Byron was always like this. In a field that was often competitive and adversarial, he never missed a chance to make a self-effacing joke. When he took the stage at Prion2015, giving the keynote that Stan Prusiner was originally slated to give, he quipped that he had tried to grow more hair in order to be an effective substitute, but that it had grown on his face instead of his head. This is a field where it’s common to boast of one’s N peer-reviewed publications and important contributions. But while the summary of Byron’s contributions I gave at the top of this post is necessarily (very) incomplete, I am certain that Byron’s main objection would be to deny that he had any role whatsoever in the invention of RT-QuIC — he often issued rebuttals along the lines of: “Ryu Atarashi did everything! I just provided a lab space!”
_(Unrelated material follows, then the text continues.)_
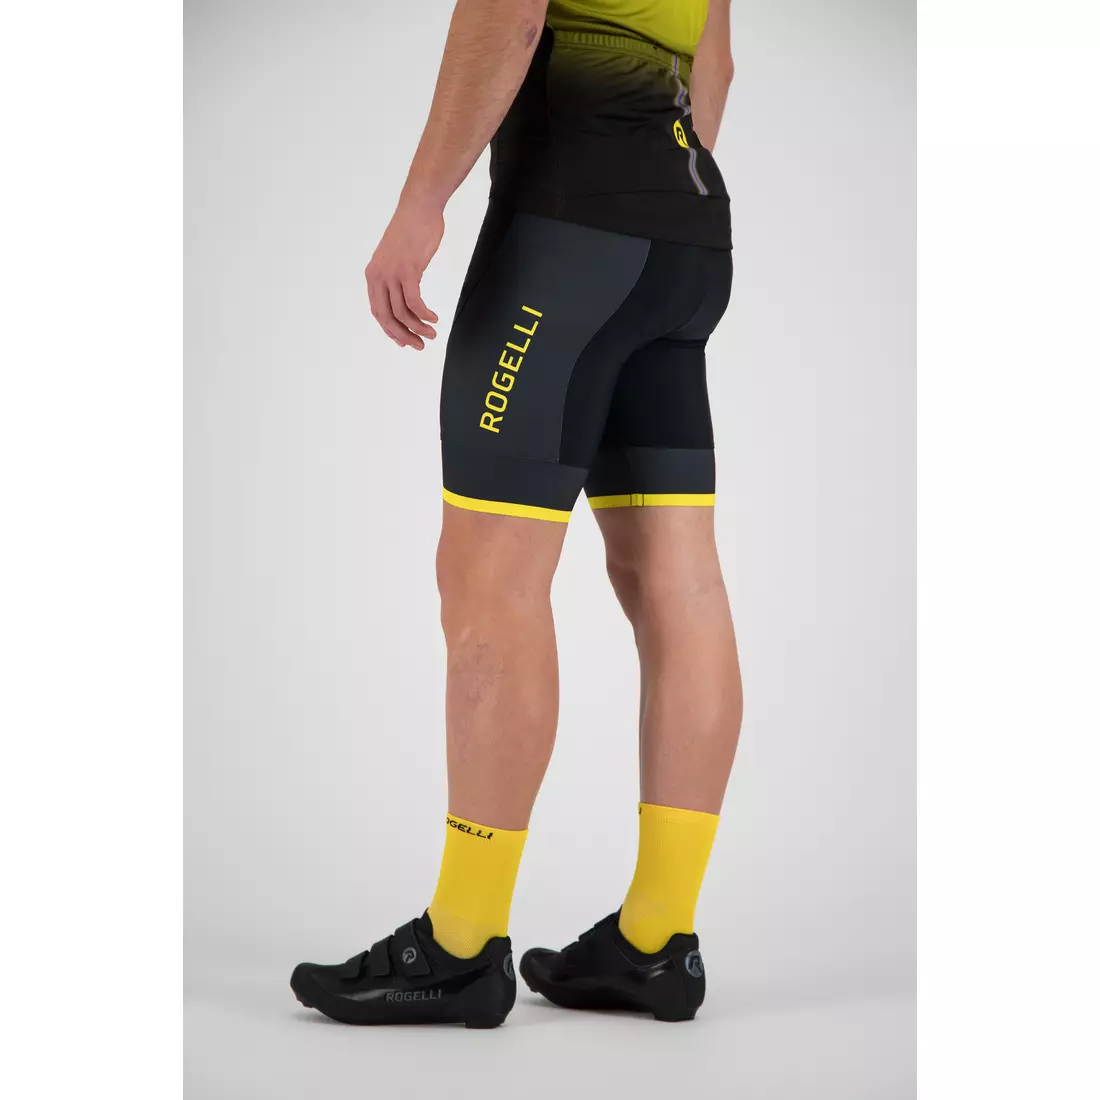 ROGELLI Fuse šortky so šľapkami Čierna/žltá 002.234

I was at best an outsider to Byron’s lab, but got to see a few of his endearing quirks. His house in the mountains outside Hamilton was surrounded by a frisbee golf course of his own design, where lab members could come play. He had a knack for memorable turns of phrase. When describing the disease stage at which we had treated mice with ASOs, he told CJD Foundation that the animals had “a rip-snorting prion infection”. When explaining the cryo-EM structure of prions to a reporter, he declared that “we finally got a glimpse of its ugly mugshot.”

With someone so generous, it is easy to wonder: did we do right by Byron? In the 12 years that Sonia and I interacted with Byron, we only ever took. But writing this post has helped me to reflect: Byron didn’t want anything in return. The only way we do right by Byron is to cure this disease. We can never pay it back. Let’s pay it forward.